---------- Data block ----------

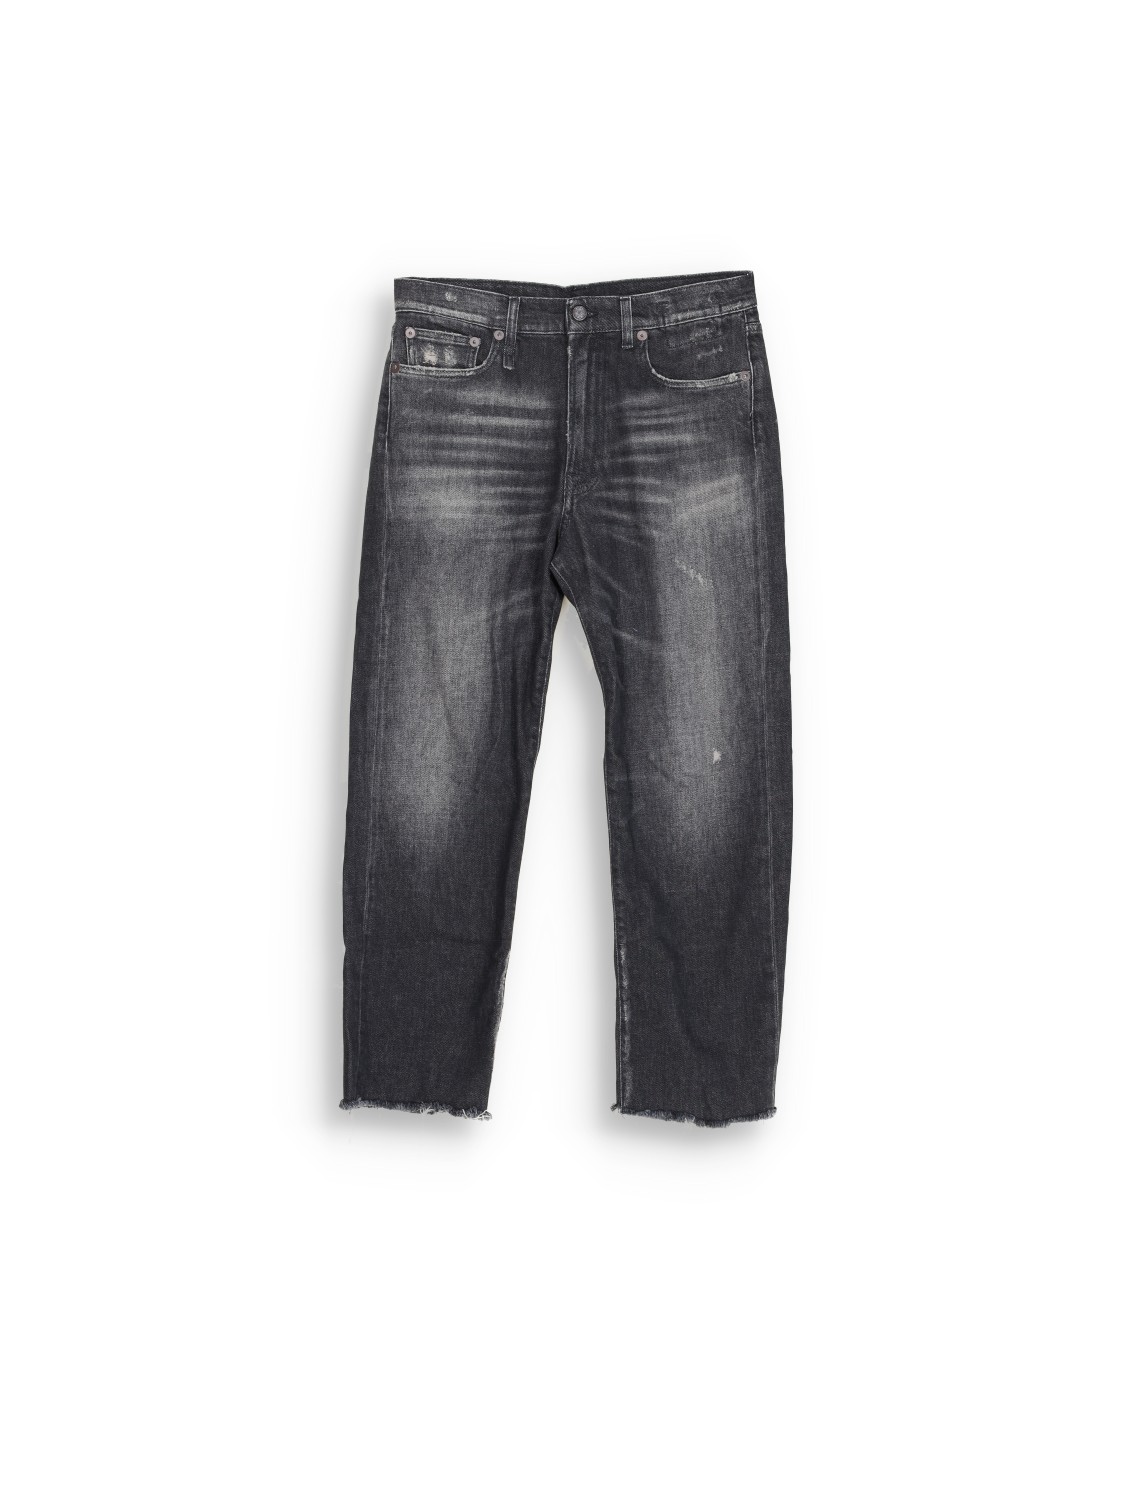 R13 Boyfriend jeans made of cotton grey 26
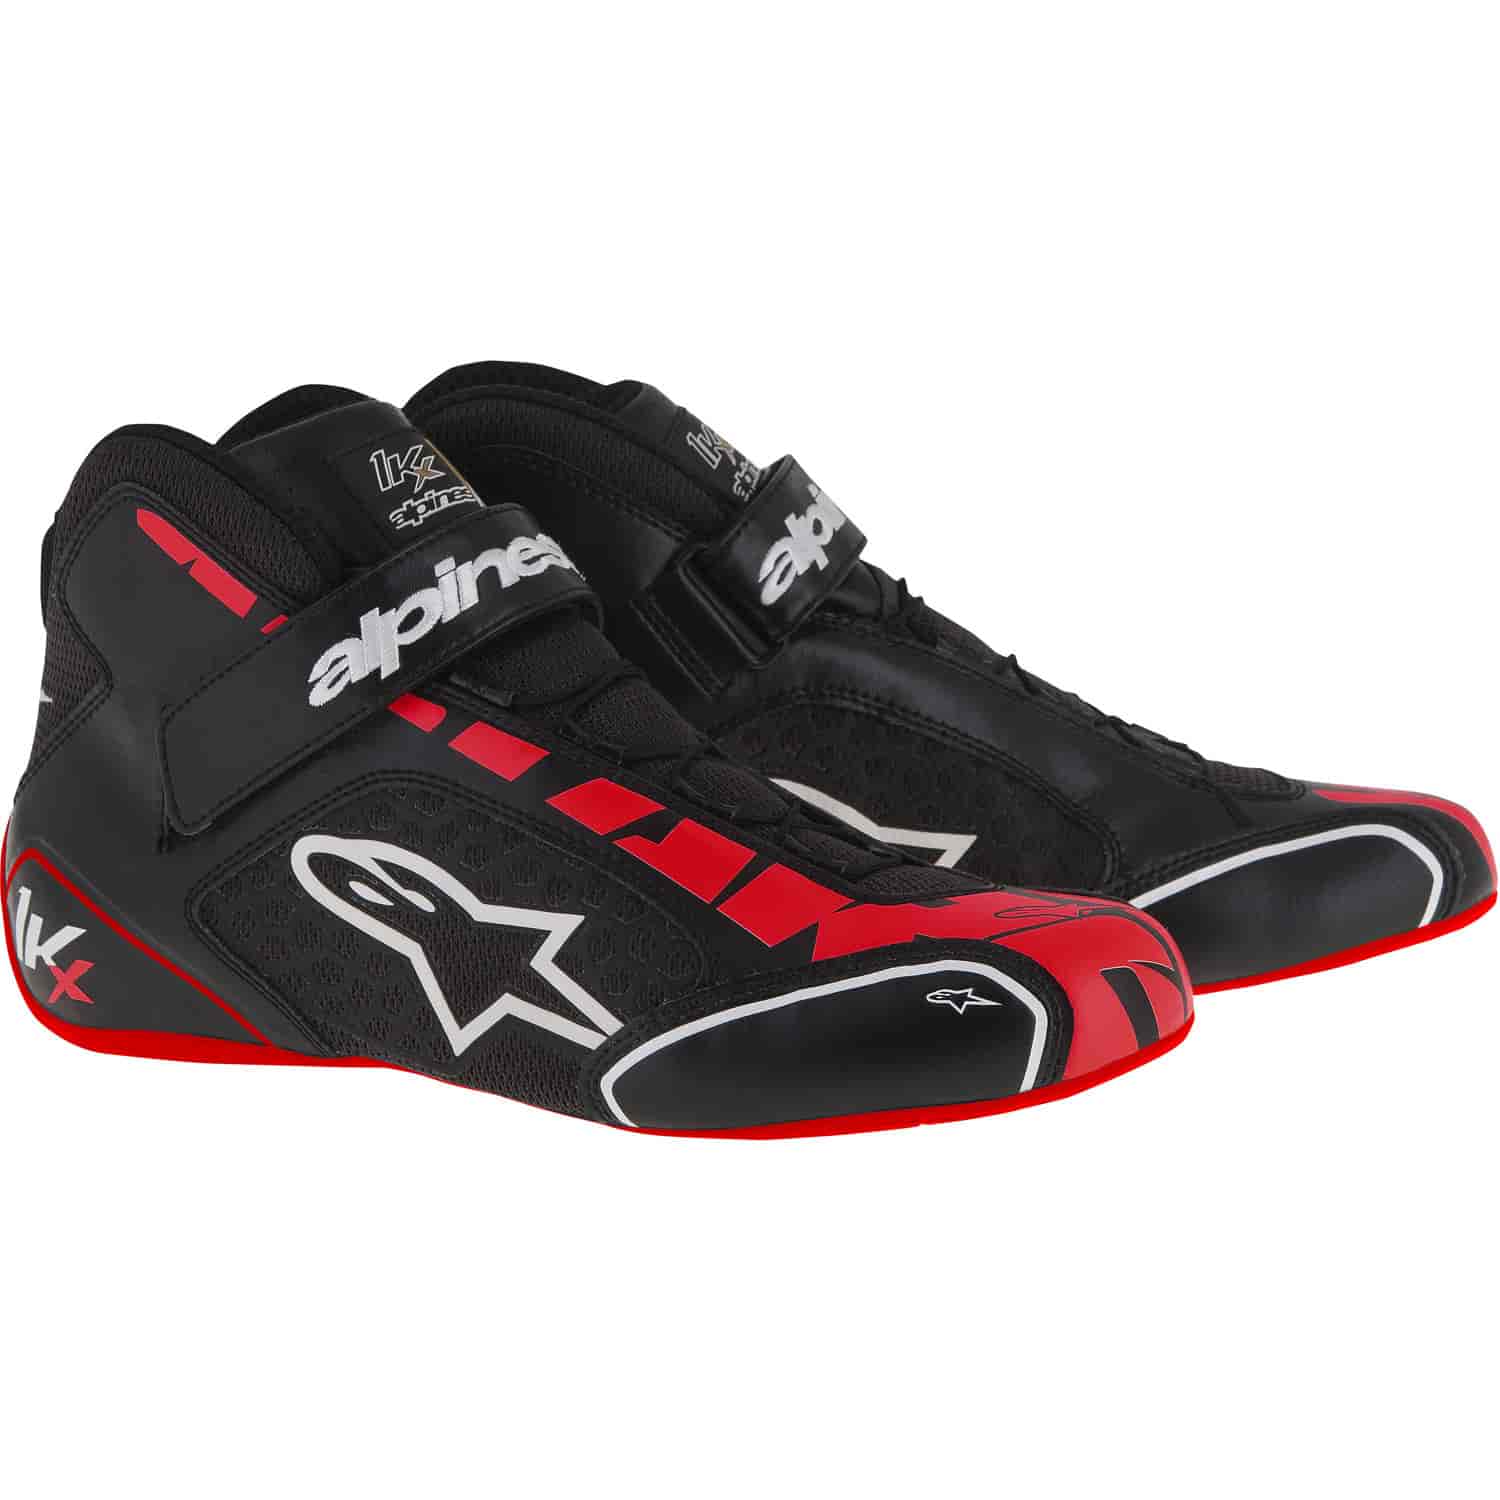 Tech 1-KX Shoes Black/Red
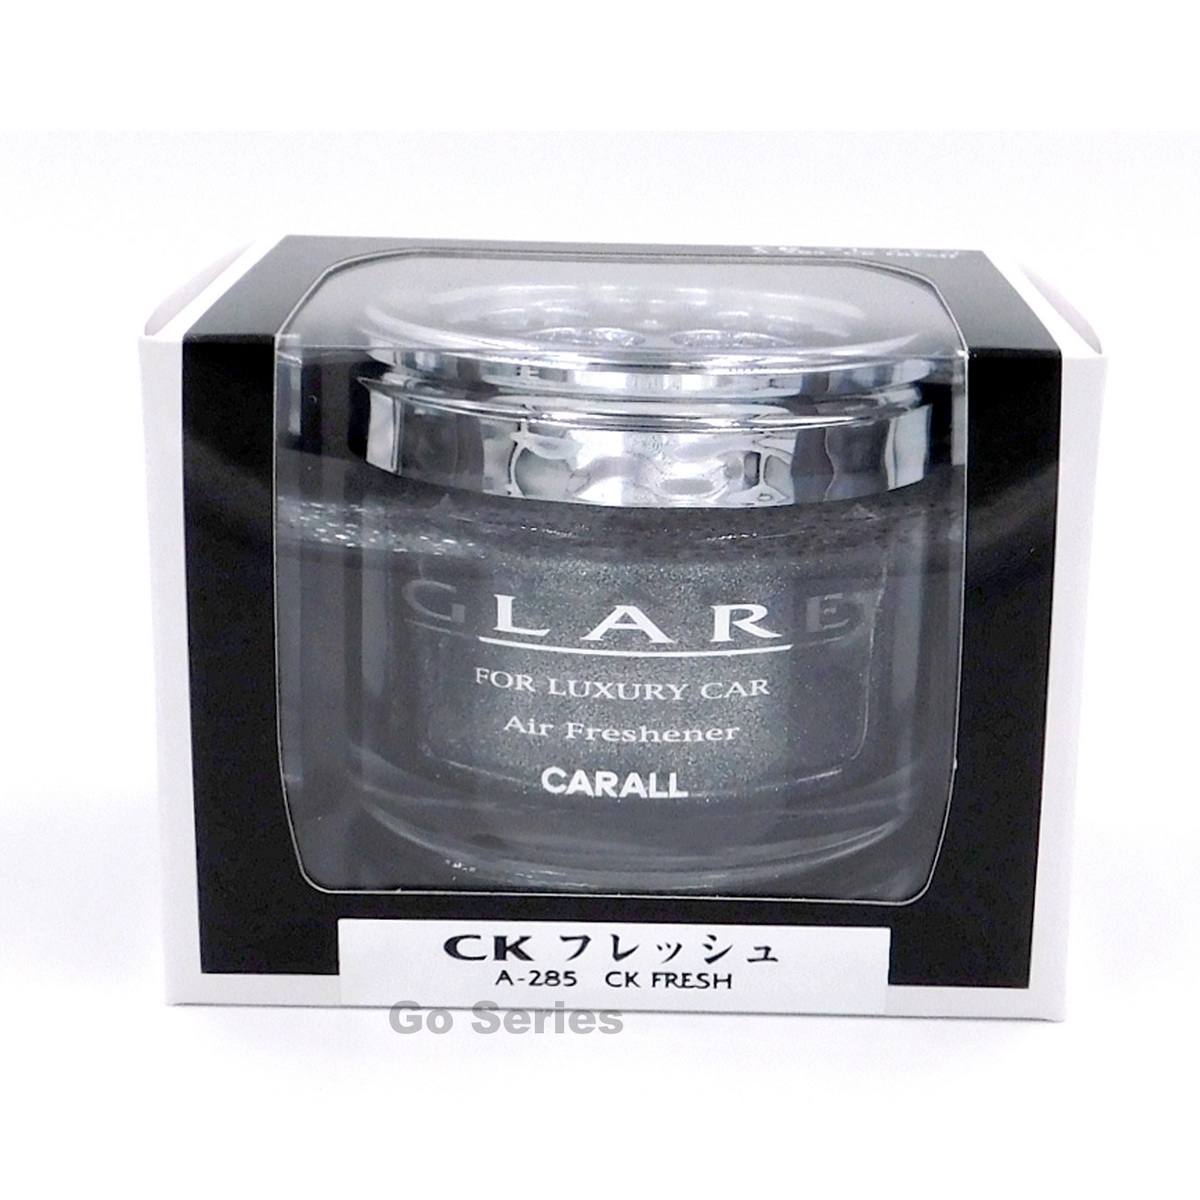 Carall Glare CK Fresh LUXURY Car Air Freshener Fragrance A-285 Made in Japan

----------

*Required work*. Precisely the lines from the one containing "Tech 1-KX Shoes Black/Red" to the end of the data above, both included, should be printed; leave the pictures out.

*Response to this exercise*.
 Tech 1-KX Shoes Black/Red
 Carall Glare CK Fresh LUXURY Car Air Freshener Fragrance A-285 Made in Japan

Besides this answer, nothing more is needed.